Grâce à votre travail, à votre persévérance et à votre dévouement, Bucarest possède ainsi aujourd’hui un établissement d’une qualité remarquable. Vous avez hissé cette institution au niveau qui devait être le sien, et vos qualités personnelles n’ont pas peu aidé à insérer le MNAR dans le concert des grands établissements muséographiques d’Europe. Votre action a considérablement contribué à structurer les échanges artistiques entre la France et la Roumanie. La qualité de la coopération entre le MNAR, cette ambassade et les institutions culturelles françaises a en effet permis l’organisation de nombreuses expositions qui ont rencontré un grand succès auprès du public roumain. Parmi les plus récentes, peuvent être ainsi être citées : - outre l'exposition "Ombres et lumières" inaugurée par le ministre de la culture Renaud Donnedieu de Vabes, les très belles expositions consacrées à Bourdelle, et aux peintres roumains en Bretagne, - l’ouverture le 30 novembre 2007 de l’espace atelier de découverte de Brancusi produit par le service « jeune public » du Centre Pompidou, inauguré en présence du président du Centre, Alain Seban, - l’organisation à l’automne 2008, à l’occasion de la présidence française de l’Union européenne, d’une exposition de dessins italiens conservés au musée du Louvre et de l'exposition "Napoléon III et les Principautés roumaines" en partenariat avec le domaine-musée de Compiègne, - tout dernièrement, nous avons inauguré une grande exposition de costumes des Opéras Russes prêtés par le Centre National du Costume de scène de Moulins. Vous accueillez en ce moment une exposition consacrée aux symboles de la République et à la figure de Marianne.
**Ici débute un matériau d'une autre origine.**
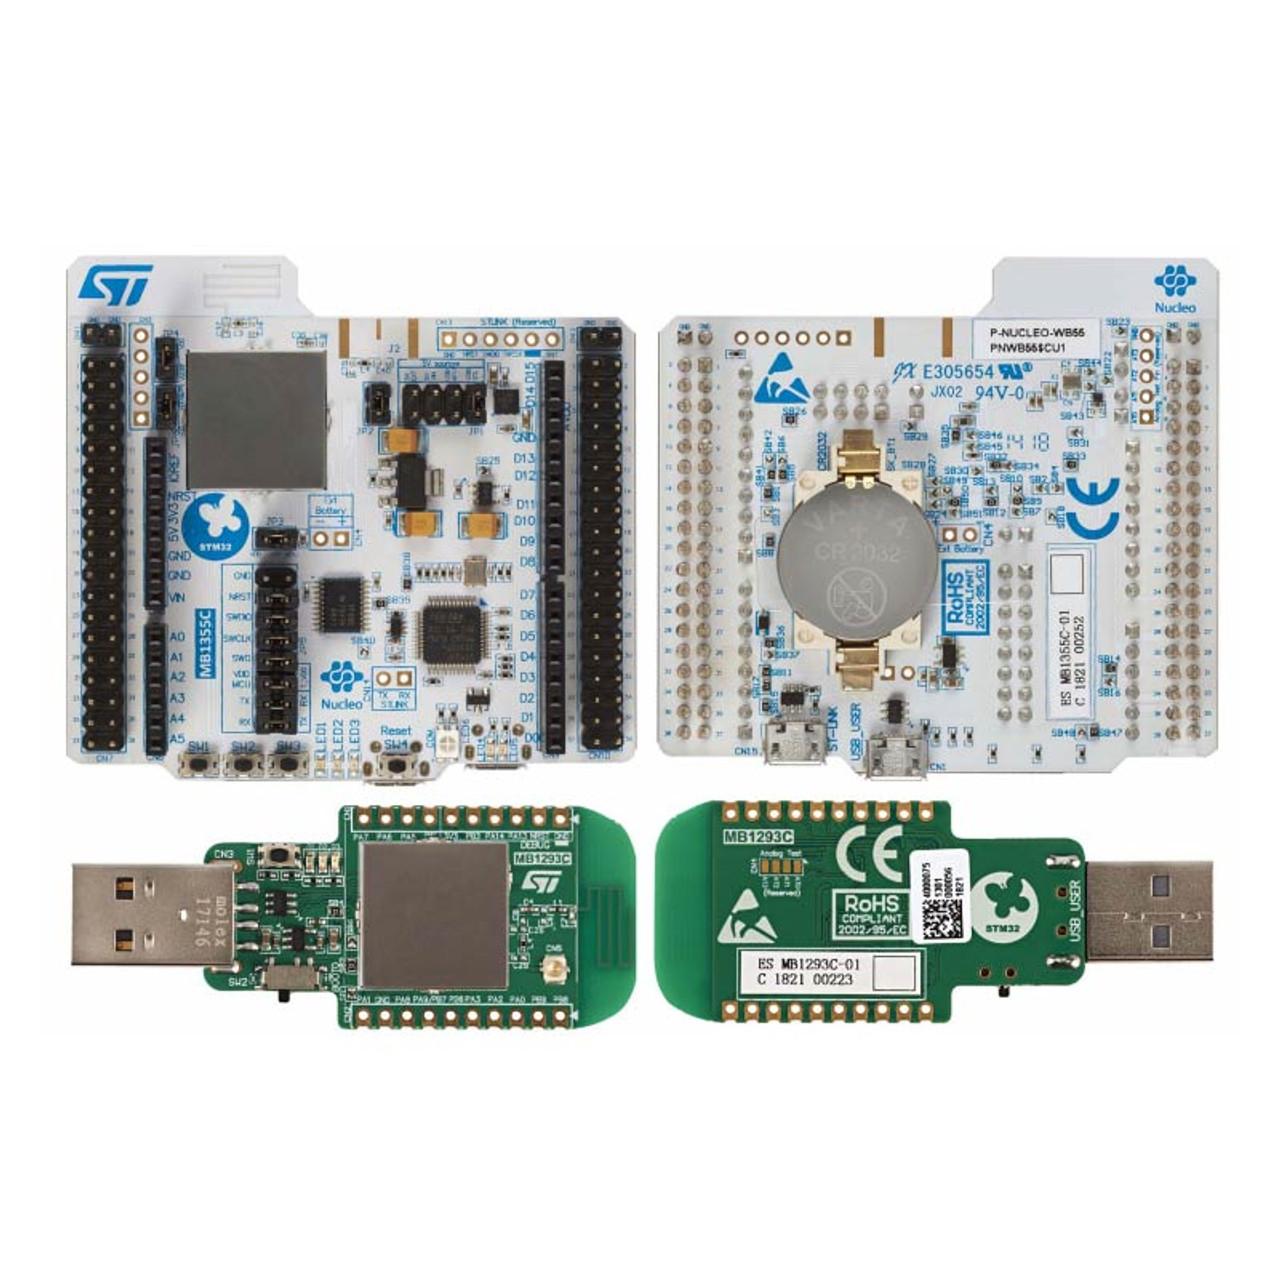 Bluetooth 5, 802 15 4 Nucleo Pack USB dongle Nucleo-68 STM32WB55 MCU RF  Evaluation Board

Tous les spécialistes français qui sont venus ici pour travailler avec le MNAR, et ils sont nombreux comme on le voit à cette énumération, s'accordent pour apprécier la qualité du travail en commun, qui est du à votre direction et à vos équipes. Je passerai vite, pour ne pas faire souffrir votre modestie, sur les nombreuses distinctions d’Etat ou d’institutions que vous avez reçues : de l’Unesco, du Danemark, de Russie, du Chili et d’Italie. En 2000, la France vous a promu chevalier de l’ordre de la Légion d’Honneur. En 2011, il me revient l’immense plaisir de vous élever chère Roxana, au rang d’officier dans l’Ordre de la Légion d’honneur, au nom du Président de la République.
En vous remettant cette distinction, j’honore une femme dédiée entièrement à son pays et à son métier : valoriser et faire connaître la culture roumaine. J’honore également à travers vous vos équipes de grand talent et la vitalité de l’art et du patrimoine roumains. La tradition francophile de la Roumanie a toujours été portée par des personnalités comme vous, il était donc justifié que vous en soyez remerciée. Roxana THEODORESCU, au nom du Président de la République, nous vous faisons Officier de la Légion d'Honneur.